As others have reported a flying start and then a bit of a grind downwards.
As seems to happen more frequently as I age, I know stuff but not quite sure why eg SINGLETON and JOCOSENESS. By contrast, I know exactly why Tokay and PHRENOLOGIST have left their mark on my brain.
Thanks to setter and William.
Late in the day, crawled over the line to finish with the short ones FLEX and ISLE in about 50 minutes while watching tennis. Excellent puzzle, have to admit I didn’t stop to parse IDIOT PROOF or spot the JONESES so thanks william_j_s for the blog.
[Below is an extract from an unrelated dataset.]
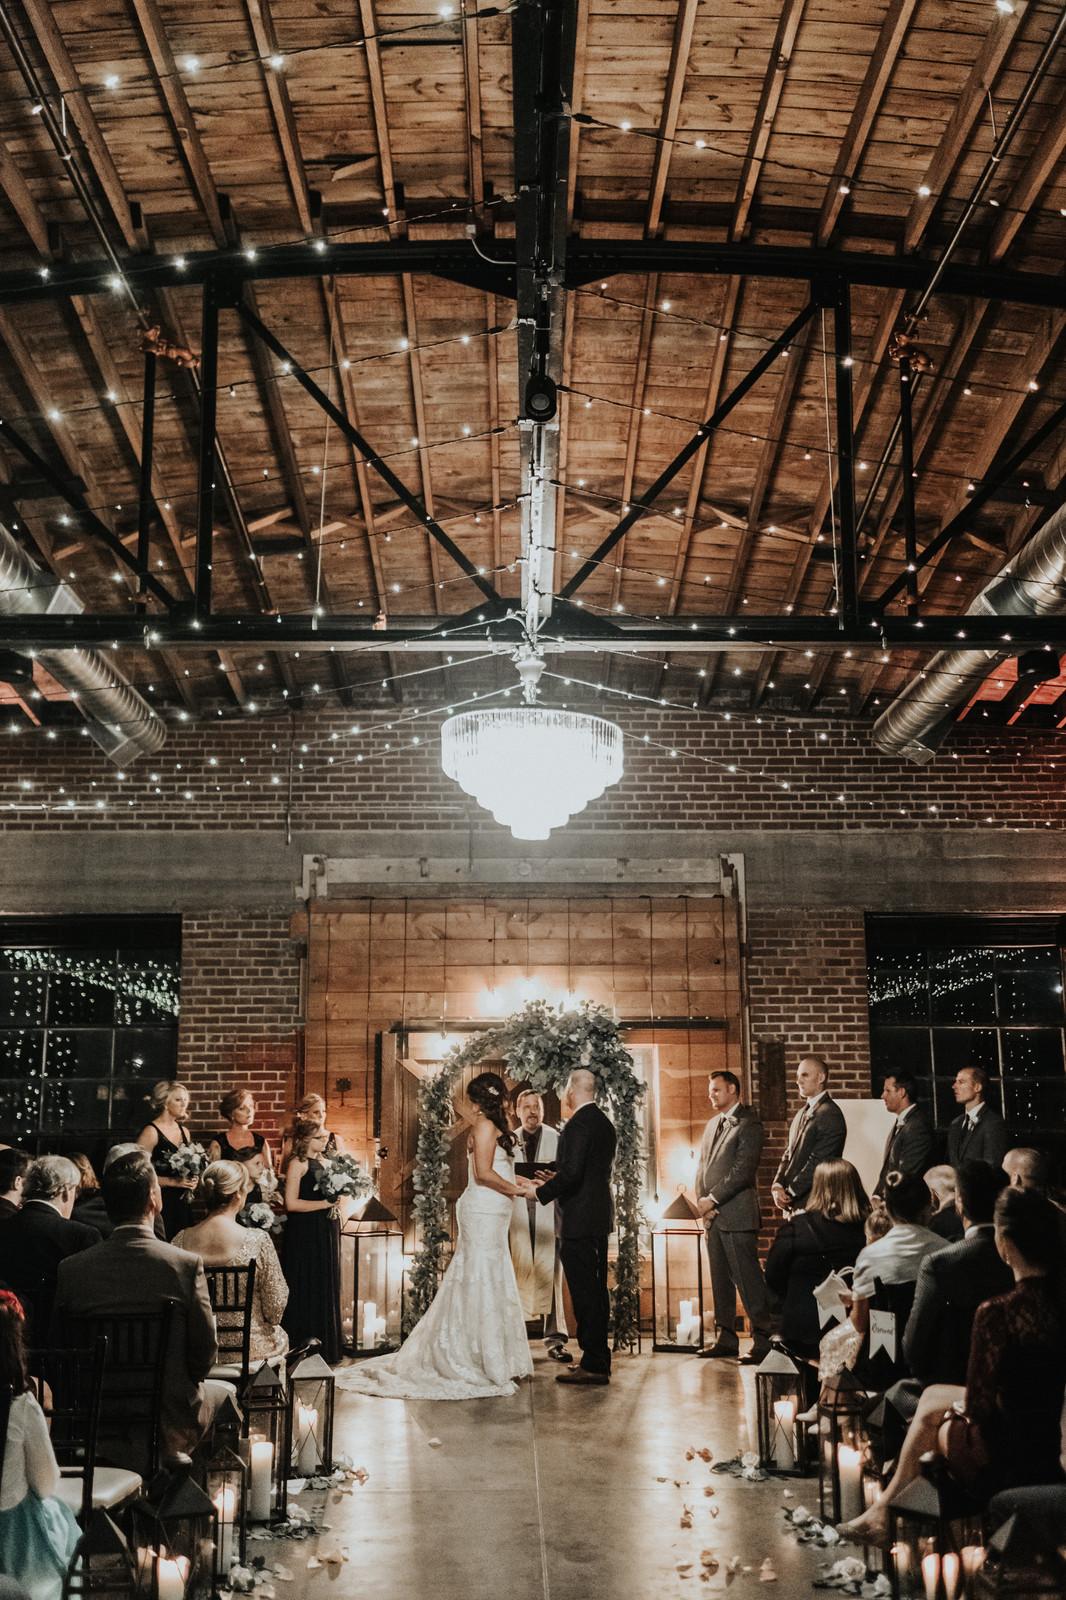 The Hudson Wichita Wedding Venue Wedding Reception Event Space

This was hard but I got there in the end but with one wrong. Early on I put QUIT but wasn’t entirely happy either that quit meant “crack” or “quite” meant “supply”. But I forgot to go back and see QUIP. I loved the Joneses, very clever clue. No problem with SINGLETON since I used to play bridge (family of four). The surface readings in this crossword were brilliant. For example, “Rum could be what leads to rows in theatre bar area”.
56:05
Similar experience to others, of 1a going in easily then soon grinding to a halt.
PHRENOLOGIST my COD.
LOI was RESPECTING.
Thanks William and setter.
1 hour 32m. Good few biffs in there but kept getting something to keep me going. Quite enjoyed this one as tough but fair…I think!
Well done! That’s impressive persistence – hope you felt a sense of achievement at the end.
I don’t have an exact time for this puzzle because I broke off and left the timer running. But I think about 40 minutes. LOI was jocoseness , i got the jones aspect ok but though I know jocose I NHO jocoseness.
I really enjoyed this puzzle a lot, it was challenging without being obscure.
Thanks setter and blogger
45 mins ish. I really enjoyed ISLE = short and sweet but very clever wording.
JOCOSENESS isn’t in my vocabulary (like COGNOMEN earlier in the week), so I failed with that and the more gettable ISLE. Tough one
About 45 mins. Pretty hard I thought but not as diabolic as Thursday which I never came close to finishing.
Sunday evening and 36’53’. Definitely a tough one, but with gentle applied brain pressure each clue eventually fell. Very much liked FLEX. Got the general idea of 9 across early on, but lost time thinking REFUSE was ROT. Many thanks.